Lieber Leser,
die Sidra Mischpatim ("Rechtssachen") beginnt mit Gesetzen, welche die menschlichen Beziehungen regeln, die persönlichen wie die sozialen. Dabei ist zu beachten, dass diese Sidra unmittelbar auf die Sidra Jitro folgt, in der die menschlichen Pflichten G-tt gegenüber betont werden (in Jitro steht die Offenbarung der Tora, wobei das erste der Zehn Gebote "Ich bin G-tt, dein G-tt" ist – Exodus 20, 2). Mehr noch: der letzte Absatz von Jitro, unmittelbar vor und neben Mischpatim, behandelt Gesetze über den Altar. Unsere Weisen (Schmot Rabba, zitiert von Raschi zu Exodus 21, 1) untersuchen die Bedeutung diese Reihenfolge. Sie fragen: "Aus welchem Grunde folgt der Abschnitt Mischpatim sogleich auf den über den Altar?" Und sie antworten: "Um uns einzuschärfen, dass das Sanhedrin (das ist der Gerichtshof, der über Streitigkeiten zwischen einem Menschen und seinem Nebenmenschen urteilt) seine Sitzungen nahe dem Altar (der des Menschen Verpflichtungen zu G-tt symbolisiert) abhalten soll.

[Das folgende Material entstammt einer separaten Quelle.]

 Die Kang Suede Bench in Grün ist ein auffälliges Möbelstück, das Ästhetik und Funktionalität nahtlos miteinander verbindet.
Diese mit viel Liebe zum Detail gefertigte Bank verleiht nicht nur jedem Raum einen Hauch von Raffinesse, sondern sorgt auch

Damit wird eine grundsätzliche Idee betont: In der Sphäre der zwischenmenschlichen Beziehungen, sei es in Bezug auf die Einzelperson oder die Gruppe, ist es eitel, sich auf bloße "intuitive" Gefühle von Gerechtigkeit und Billigkeit zu verlassen – wie bittere Erfahrungen zur Genüge bewiesen haben. Welches sittliche System kann auf die Dauer in dem täglichen Nebeneinander von Individuen und Gruppen bestehen? – Nur ein System von Sittlichkeit und Recht, dessen Gesetze ihre zwingende, unabweisbare Autorität von einer übermenschlichen Quelle ableiten, nämlich dem Schöpfer des Menschen, dem Schöpfer des Alls. Denn einzig der Schöpfer kennt vollständig die menschliche Natur, mit all ihren Schwächen; daher kann allein der Schöpfer wahre und dauerhafte sittliche Gesetze vorschreiben, sowohl für den Einzelmenschen wie für die Gesellschaft als solche; nur die Gesetze, die ihre Wahrheit und ihre Autorität von dem Höchsten Wesen ableiten, sind für jedermann auf ewig und unfraglich bindend, ohne Rücksicht auf Zeit und Ort.